Now to me this is a more intuitive definition of what it means for a problem to be in $\mathbf{NP}$. Not only is it a more intuitive definition but it should (hopefully) also be clearer as to why this is a complexity class that is useful both for cryptography and the wider world. Now before we go into what we can use the class of problems for, the definition is as follows:

$\mathbf{NP}$ is the class of languages that have polynomial time verifiers.

OK but what does this actually mean? Basically if we have an element $x$ and we want to know if $x\in L$ (where $L$ is some $\mathbf{NP}$ language) we have a prover $P$ which given $x$ outputs a witness $w$, this may take exponential time to find $w$ given $x$. Then if we give $x$ and $w$ to our verifier $V$, $V$ can tell if $x\in L$ in polynomial time.

This definition seems very different from the one given last week but they are in fact equivalent. Informally they are equivalent because the witness $w$ can just be the sequence of decisions the NDT made at each branching point to show that $x\in L$. For a (slightly) more formal proof of their equalence [1] is a reasonable online source (with references to textbooks).

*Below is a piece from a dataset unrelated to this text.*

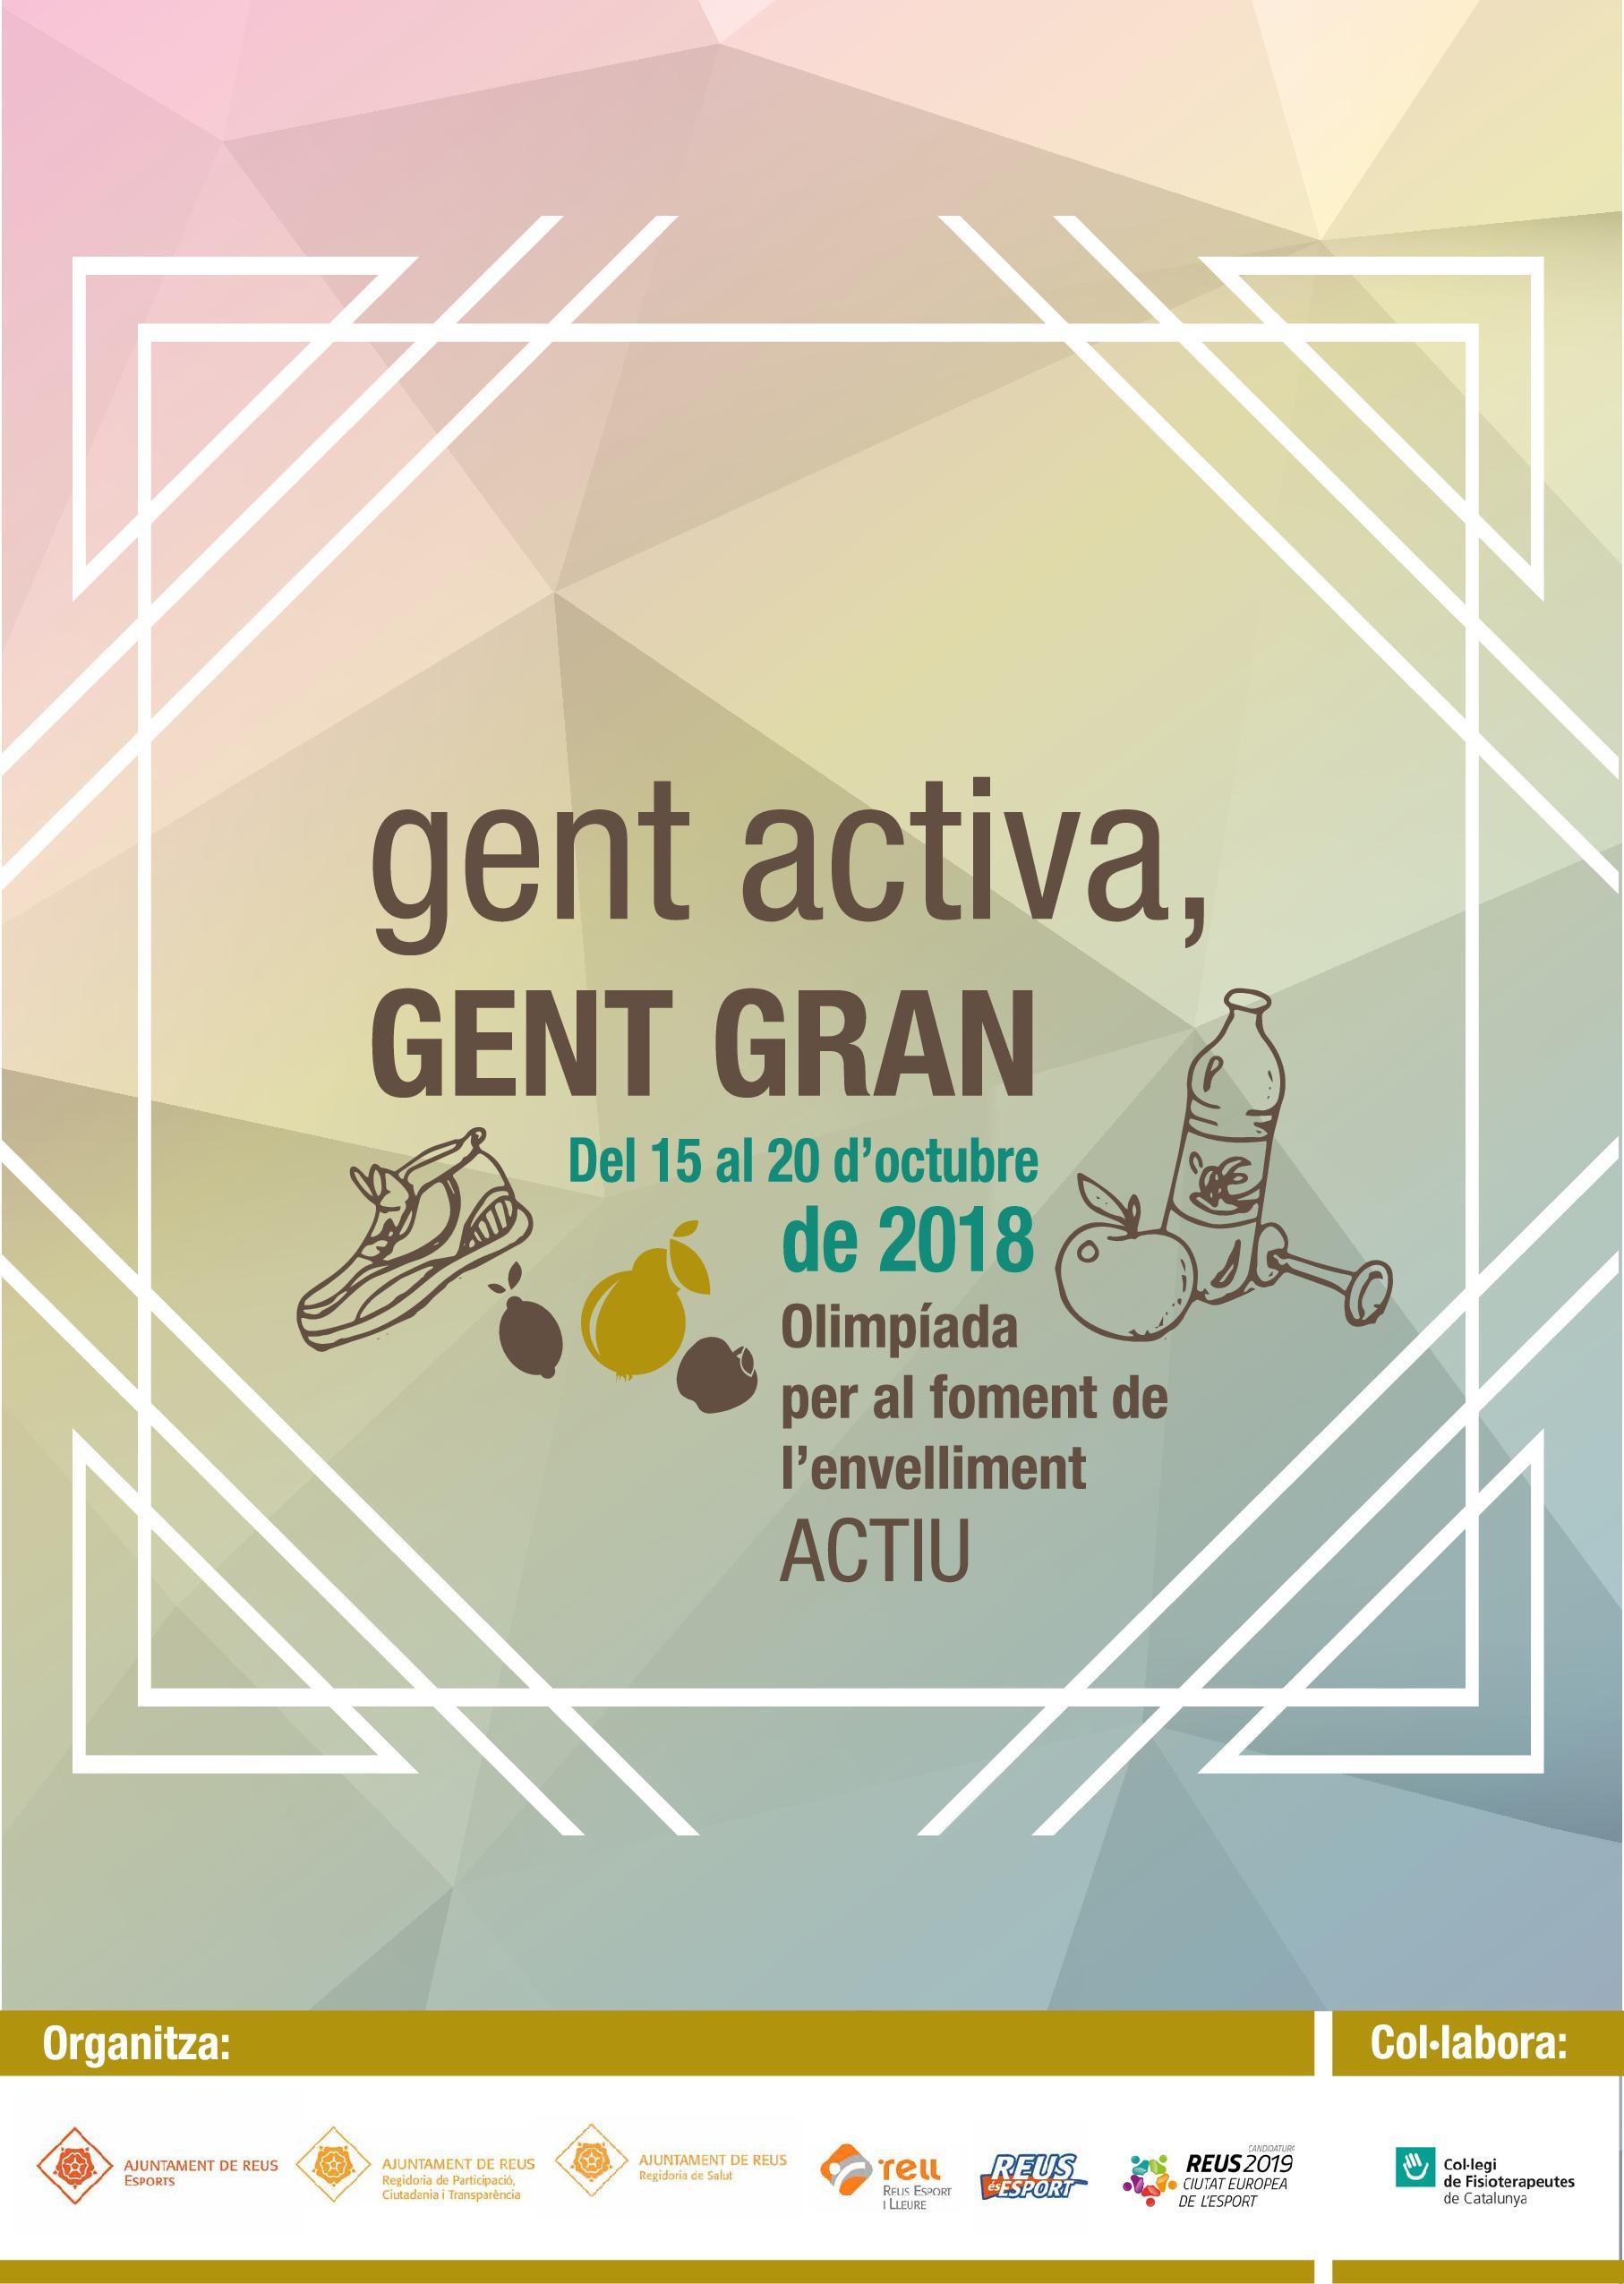 gent activa, GENT GRAN

So why might this be useful in cryptography? Well essentially we have a class of languages which can take exponential time to check if you do not know a witness but with a witness it can be done in polynomial time. This has the feel'' of a lot of cryptographic algorithms - take Encryption (formalisation to follow in future weeks' blogs) for example; you want it to be exponentially hard to get the message from ciphertext without the key (similar to a witness) but with the key you want it to be efficient (polynomial time) to extract the message.

A warning: While it sounds like a good move to use an $\mathbf{NP}$ problem for cryptography it may not be as simple as it first appears. This is because languages are in $\mathbf{NP}$ based on the worse case complexity where as for encryption we need it to be hard on average. For example we may have an $\mathbf{NP}$ language which has one element that takes exponential time to solve but all others are really efficient to solve - this will not make a good basis for an encryption scheme because we want encryption to be secure for all messages not just one.

Now I am aware that integer factorization isn't known to be $\mathbf{NP}$-complete and isn't known to be in $\mathbf{P}$ (See Ryan's blog here for a description) but it makes for a nice example of the point I am trying to make about choosing your $\mathbf{NP}$ instances carefully. In general finding a factor of a number is easy (half of them are divisible by two!) but if we choose something sensible we can make it hard to factor. Let us focus on numbers of the form $N=p\cdot q$ for $p,q$ prime (a.k.a numbers with only two proper factors). Now if either of these numbers is small then it is again easy, so we want the numbers to be of equal size (this is what we do for RSA). From this it is possible to build an encryption scheme over the top.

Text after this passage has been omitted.